"But anyone who has read Fire Joe Morgan over the years realized those guys were too good not to be writing professionally somewhere."
Can I be honest with you? I resent the thinking behind that line (although I have the greatest respect for Book William). Is the impression, then, that all good blog writers are professionally-trained and work as writers? Thus, the sports blogs are nothing more than a slumming ground for writers with professional training? And if you're a journalist or writing major without a job, or your real writing career is boring you to tears, you start a sports blog? Or start sucking up to those writing sports blogs in hopes that they'll link to you when you get fired from your mainstream jobs? Those descriptions cover in one way or another nearly every larger blog I enjoy: Deadspin.com, TheBigLead.com, Withleather.com, thestartingfive.net, dwil.wordpress.com, truehoop.com, danshanoff.com, and yaysports.com. News that these top blogs are run by individuals with journalistic or writing training no doubt reassures the mainstream sporting media. The brotherhood remains complete, and the circle is unbroken. But why does it have to be that way?

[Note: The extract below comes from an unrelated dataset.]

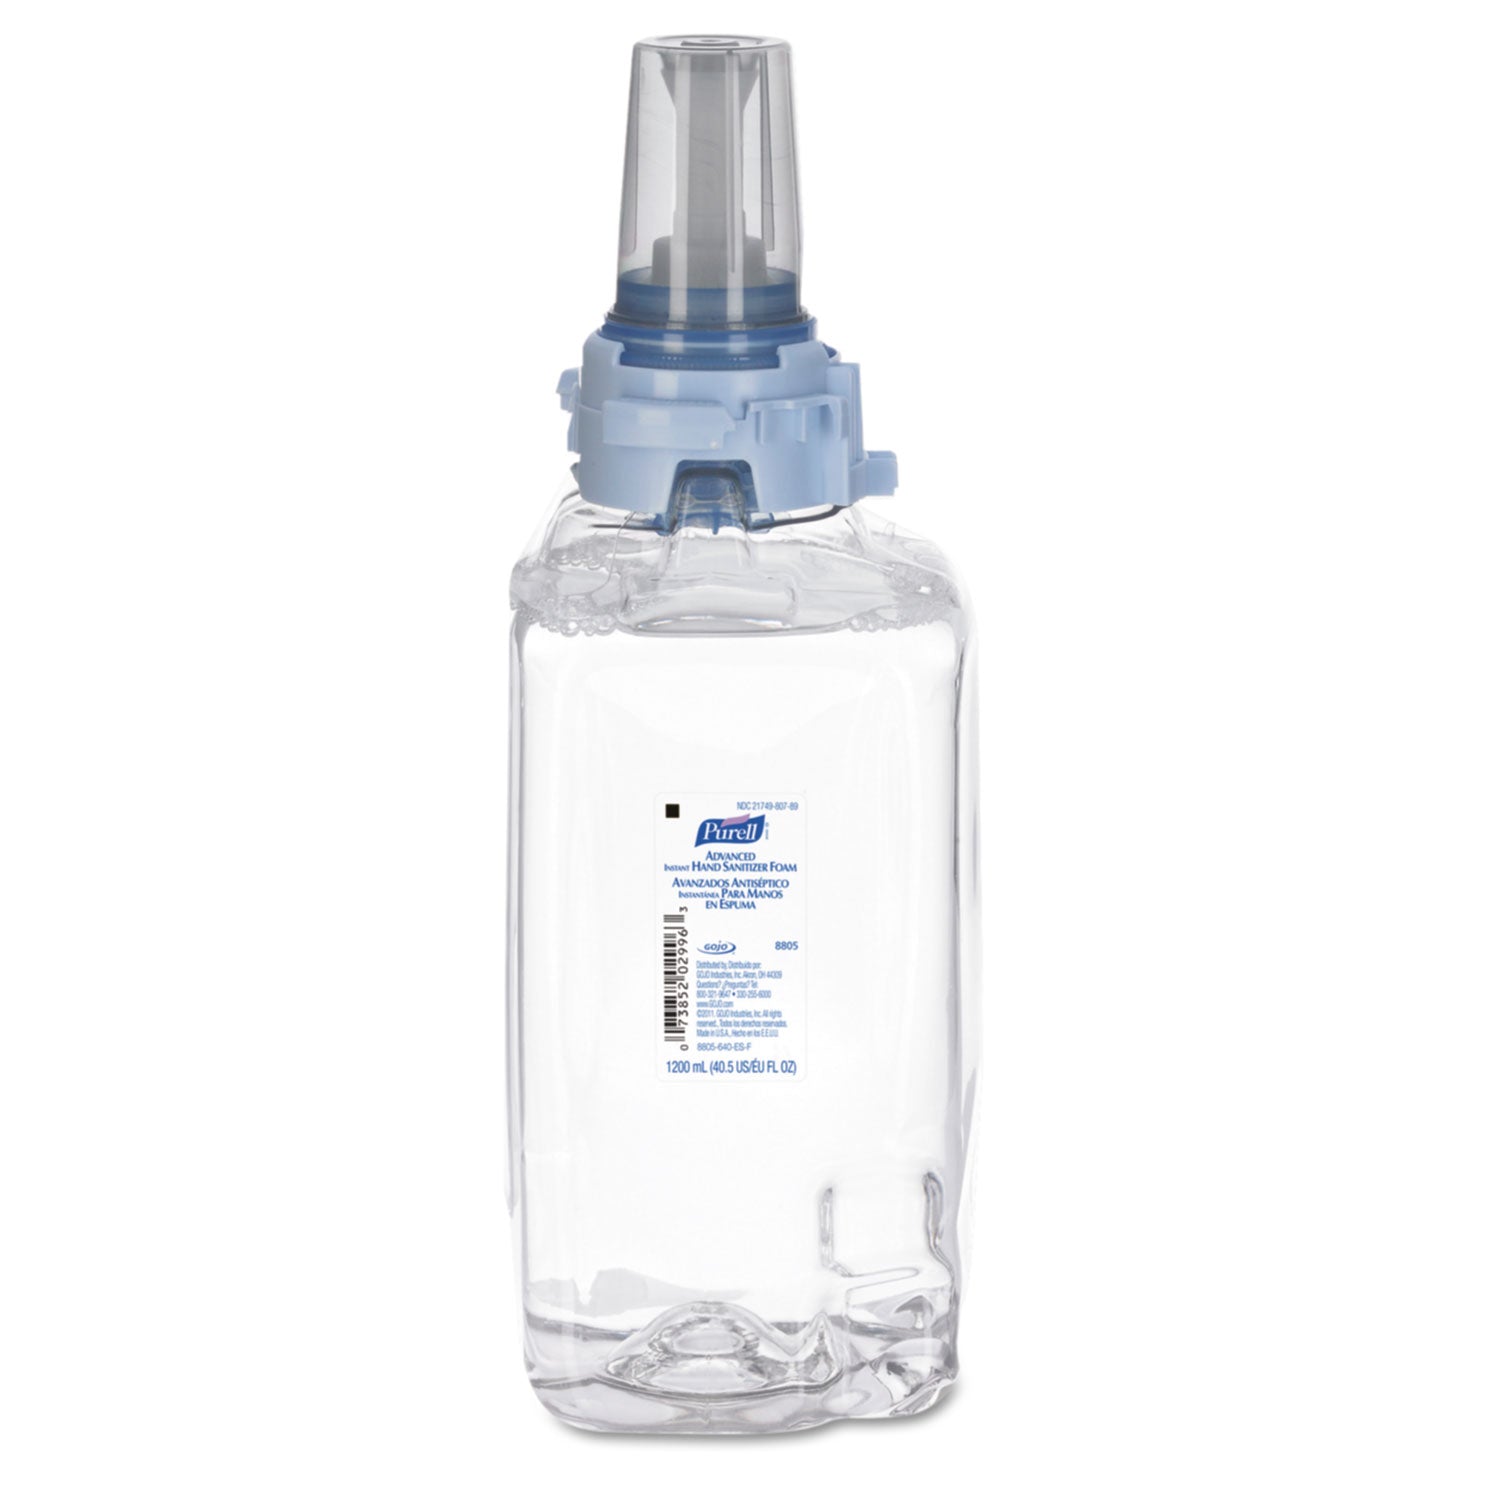 Advanced Hand Sanitizer Foam, For ADX-12, Dispensers, 1,200 mL Fragrance-Free - 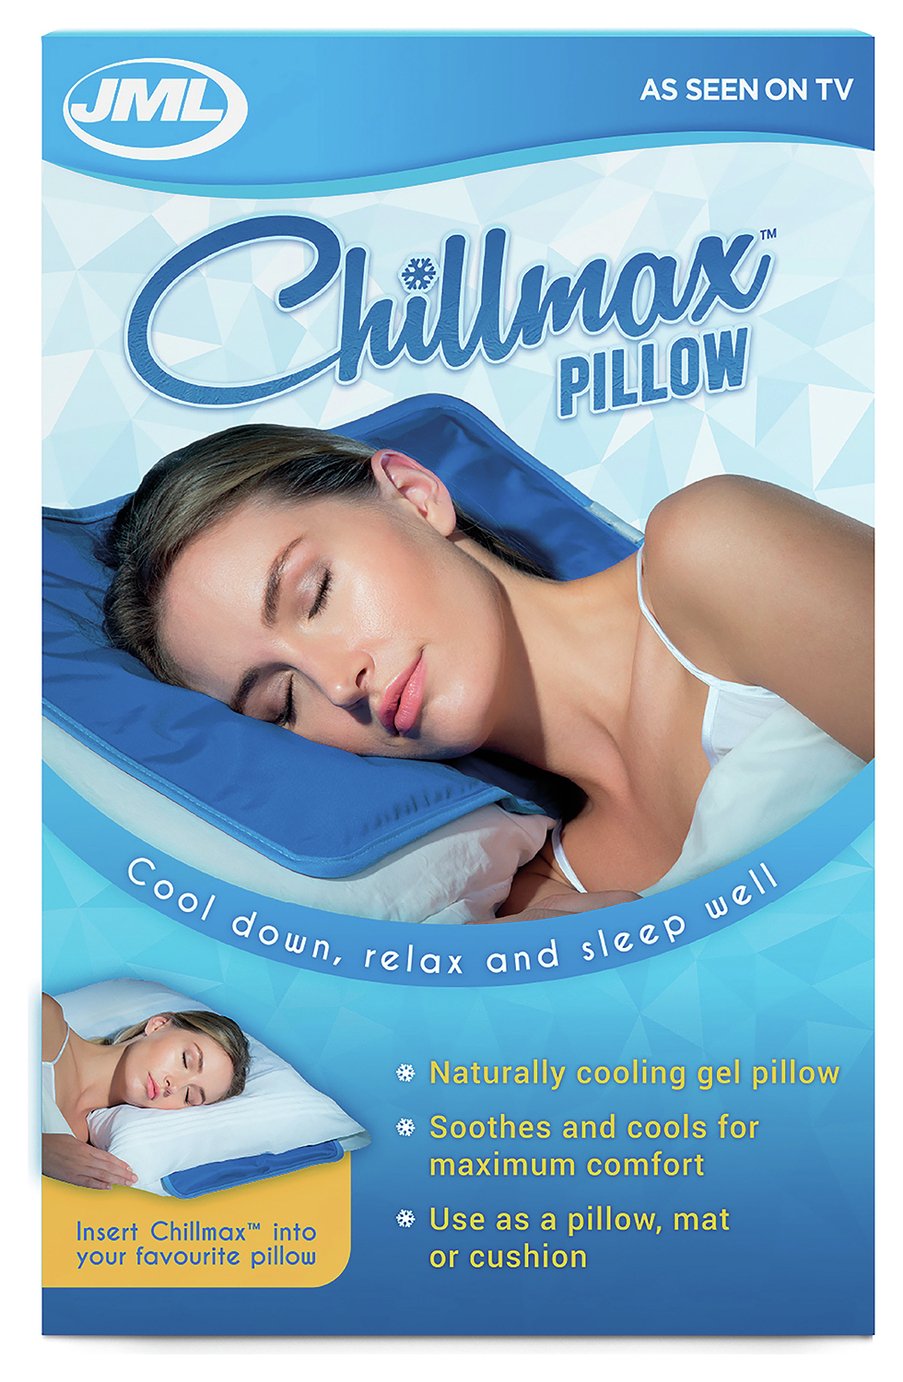 JML Chillmax Pillow Reviews

Personally speaking, I'm angry. I want to believe that people armed with no more than a keyboard and a decent understanding of grammar and writing can become well-respected bloggers. I want to believe that Web 2.0 and blogging really were about the common man/woman getting a voice, that it was a revolution in more than just the method of communication. I don't want sports blogging to be a minor-league arena or stepping stone for journalists who can't get jobs at espn.com. Instead, I want sports blogging to be a place where lawyers, businessmen, and janitors put down the tools of their trade and show off the diversity of their skills. I want to hear analysis from women, racial minorities, and people who aren't a carbon copy of existing big media writers. And this news item, to me, is yet another smack in the face to that vision.
I am admittedly much more irritated about this than I should be. Perhaps it's because I took writing classes with future writing professionals that I lack respect for a degree as a pre-requisite to writing excellence. Those classes taught me that I could write just as well (let me drop false modesty and say better) as the students who were majoring in writing fields. I had to put my mind to it, select topics that I knew well, and work hard, but it happened. I still think that few need a writing degree to be an entertaining, interesting writer, although writers like me could use an editor to cure our rambling sentences, ha. But with this revelation from FJM, proving that became even harder for those of us who aren't professionally trained.
Postscript: I respect the writing professionals in the sports blog world; I just don't like the fact that they dominate the conversation so thoroughly. I hate the implication that much of Web 2.0 in sports blogs can just be seen as a minor league training ground for journalists and writers--a self-publication outlet of sorts. But after reviewing the evidence, I have to agree with that definition, and that makes me mad.
Great post, MC. You were able to put my thoughts directly in to words - and I hadn't even seen that FJM piece until you linked to it... if that means anything to you!
ReplyDeleteMC, yeah your hopes and assessment is on point. I don't really see blogging as a minor leagues in talent, but a minor leagues in access. I mean, has any one picked up a New York Daily News or New York Post lately. The writing is usually on a third grade reading level and the insights might be a lower grade. Despite some exceptions I never viewed the mainstream as this bastion of Shakespearean talent, only opinions that are very common. Writers get hired because a) they know someone and b) they have the popular opinion of the day.